Everywhere You Look
Finding out about this was probably like when some probably guy probably in a wig or something discovered atoms and was like “ohh wowwe therre are’st atommes ev’rywhislt I doth looketh, happie dais!”.
If that’s not historically accurate, I apologize. I’m a child of divorce and public school systems.

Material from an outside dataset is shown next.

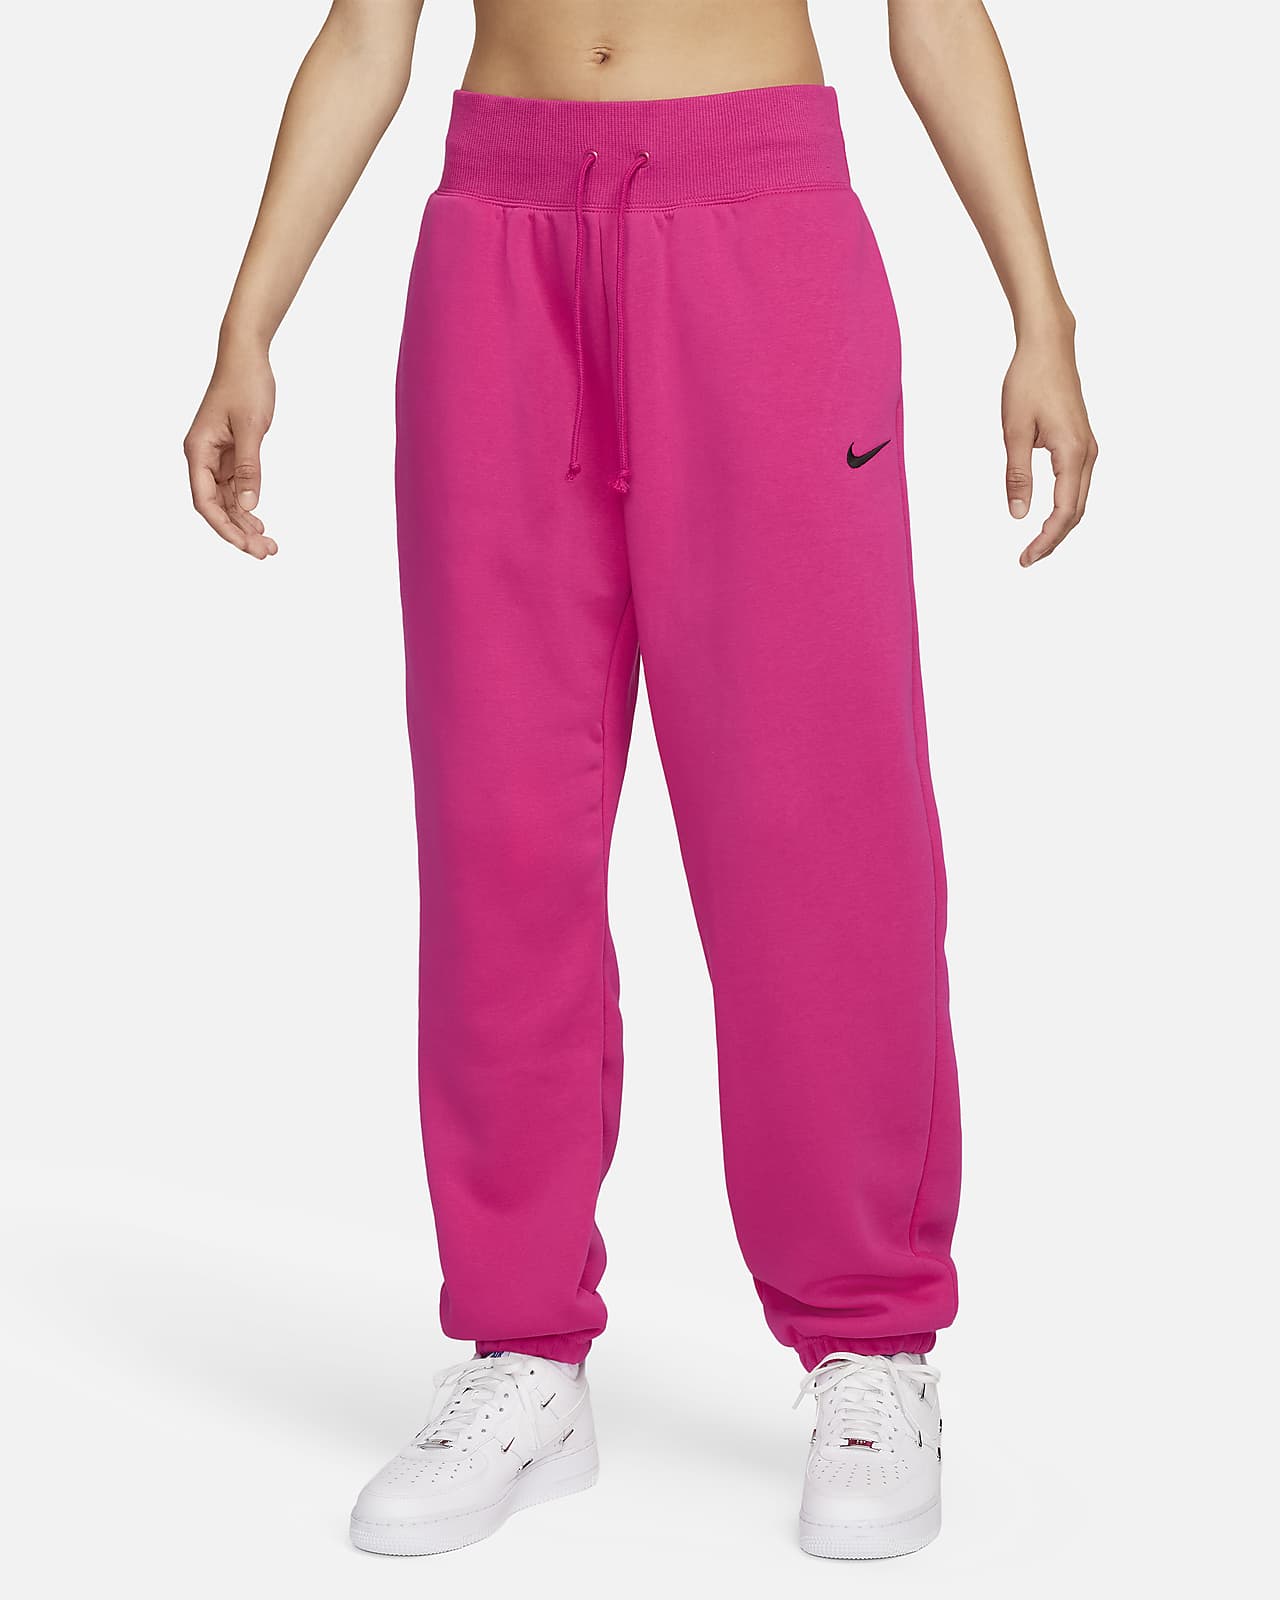 Nike Sportswear Phoenix Fleece Women's High-Waisted Joggers XL Pink  Sweatpants
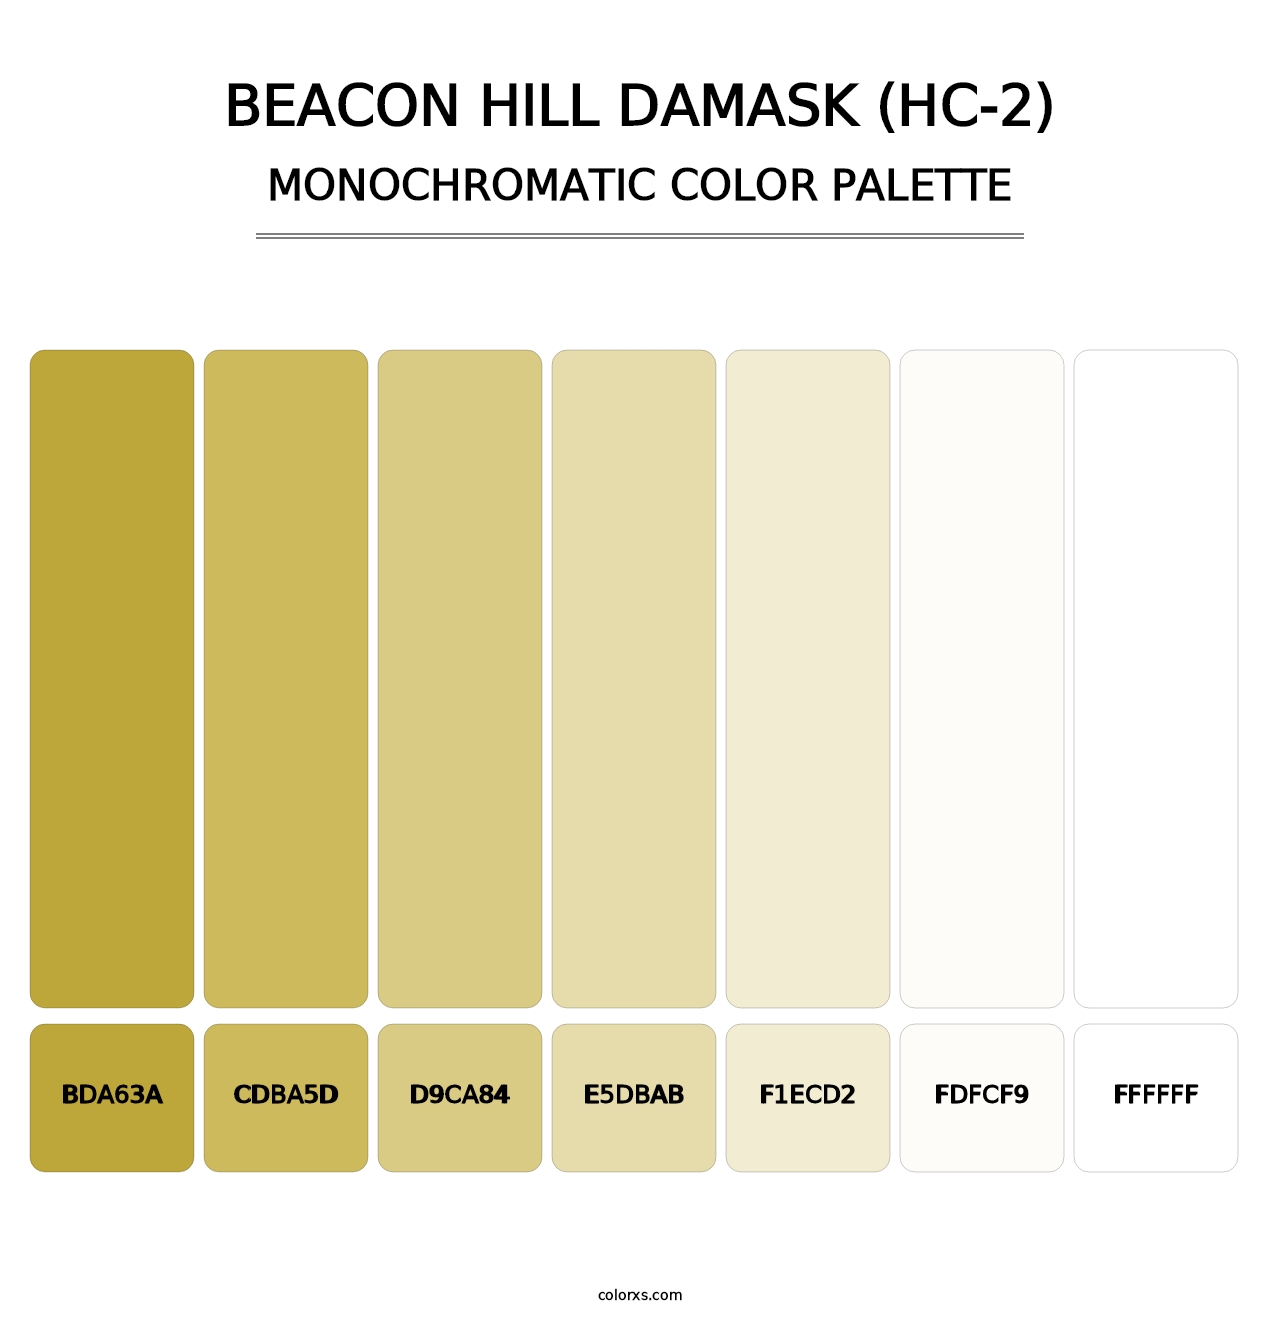 Beacon Hill Damask (HC-2) - Monochromatic Color Palette

If you want a quick and dirty way to see if your server is having a tough time with checkpoint activity, you can run this to search your most recent error log for relevant messages.
- If you recently restarted your server, you may need to search additional error logs
- If you cycle your error logs frequently, you may need to search additional error logs
- If your server is associated with Cloud Nonsense© these commands may not work
CREATE TABLE #ErikLog ( LogDate datetime, ProcessInfo varchar(50), Text varchar(MAX) ); INSERT #ErikLog WITH(TABLOCK) ( LogDate, ProcessInfo, Text ) EXEC sys.xp_readerrorlog 0, --Just the first log file 1, --SQL Server error log N'FlushCache'; --Search string INSERT #ErikLog WITH(TABLOCK) ( LogDate, ProcessInfo, Text ) EXEC sys.xp_readerrorlog 0, --Just the first log file 1, --SQL Server error log N'saturation'; --Search string SELECT el.* FROM #ErikLog AS el ORDER BY el.LogDate; DROP TABLE IF EXISTS #ErikLog;
You can adjust the first parameter there to look back at older log files, too, if you need to.
So what happened? Was it everything you imagined?
Did You Find Anything?
If you got some hits searching through the error log, it may be a sign that you need to make a change.
- Who can change this? You!
- What change? Target Recovery Interval!
- Where do I change it? At the database level!
- When should I change it? Whenever, my friend!
- Why database level and not at the server level? If your databases are in an AG or something, you want the change to follow them to other servers!
- How do I change it? Like so!
DECLARE @sql nvarchar(max) = N''; SELECT @sql += N'ALTER DATABASE ' + QUOTENAME(d.name) + N' SET TARGET_RECOVERY_TIME = 60 SECONDS;' + NCHAR(13) FROM sys.databases AS d WHERE d.target_recovery_time_in_seconds <> 60 AND d.database_id > 4 AND d.state = 0 AND d.is_in_standby = 0 AND d.is_read_only = 0; SELECT cmd = @sql;
Why Are We Doing This?
Long checkpoints can cause all sorts of weirdball issues while they’re happening, and they don’t just happen when you run a checkpoint command.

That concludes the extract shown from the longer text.